A MOTORCYCLE company which crashed with debts of £10million has been brought back to life - by the man who founded it more than 30 years ago.

Alan Clews has led a family buy-out of Blackburn's CCM Motorcycles from the receivers and plans to resume trading from his home town of Bolton.

Michaela Fogarty, wife of Blackburn's former World Superbike champion Carl, was among investors who lost out in July when the banks pulled the plug on the company, which employed around 50 people at its Shadsworth headquarters.

CCM will be retaining links with East Lancs by locating its spare parts operation in Darwen, which it hopes will be up and running in the next few weeks.

Alan's son Austin said the rent being demanded for its old factory at Shadsworth was just too expensive to enable CCM to keep production of its award-winning bikes in Blackburn.

"We'll build the company step-by-step and make CCM big, but do it slowly," he said. "We can't run the company like it was before - the overheads were too high. Relaunching CCM is a challenge, but it's something we have done before and I am sure we can do it again."

CCM - Clews Competition Machines - has had a chequered history since it was first set up by Alan in Bolton in 1971.

While its bikes have won industry plaudits over the past 20 years, it has lurched from one cash crisis to another after it relocated to Shadsworth in the late 1970s.

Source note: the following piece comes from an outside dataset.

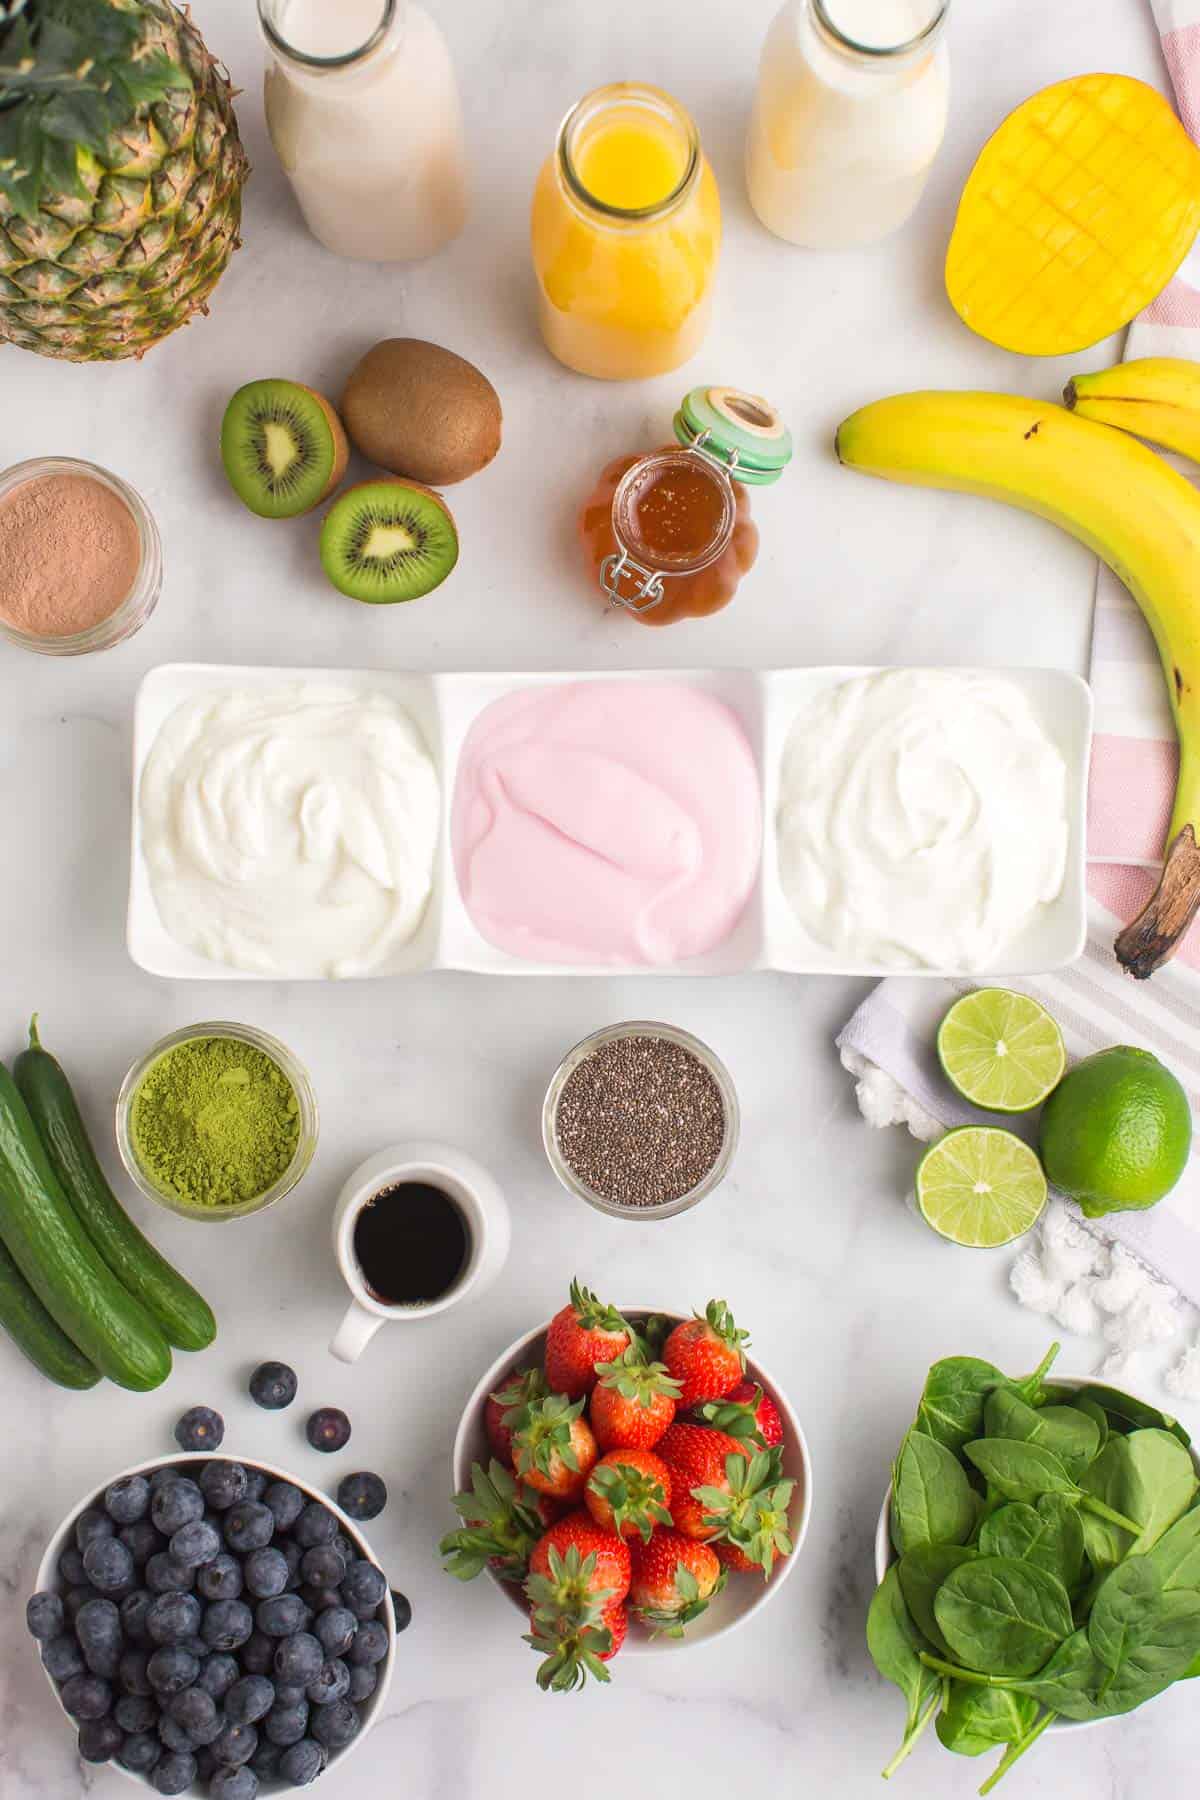 Overhead view of smoothie ingredients including yogurt, fruit, vegetables, and sweeteners.

Alan sold the business to engineering company Armstrong in 1980 and bought it back seven years later. In 1998, a new management team took over and attracted more than £10million of investment.

CCM launched its 400 series last year to critical acclaim and had planned to increase annual production to 5,000 bikes.

But in July, the management announced CCM would be closing, blaming the decision "intense foreign competition" and the failure to attract any additional funding.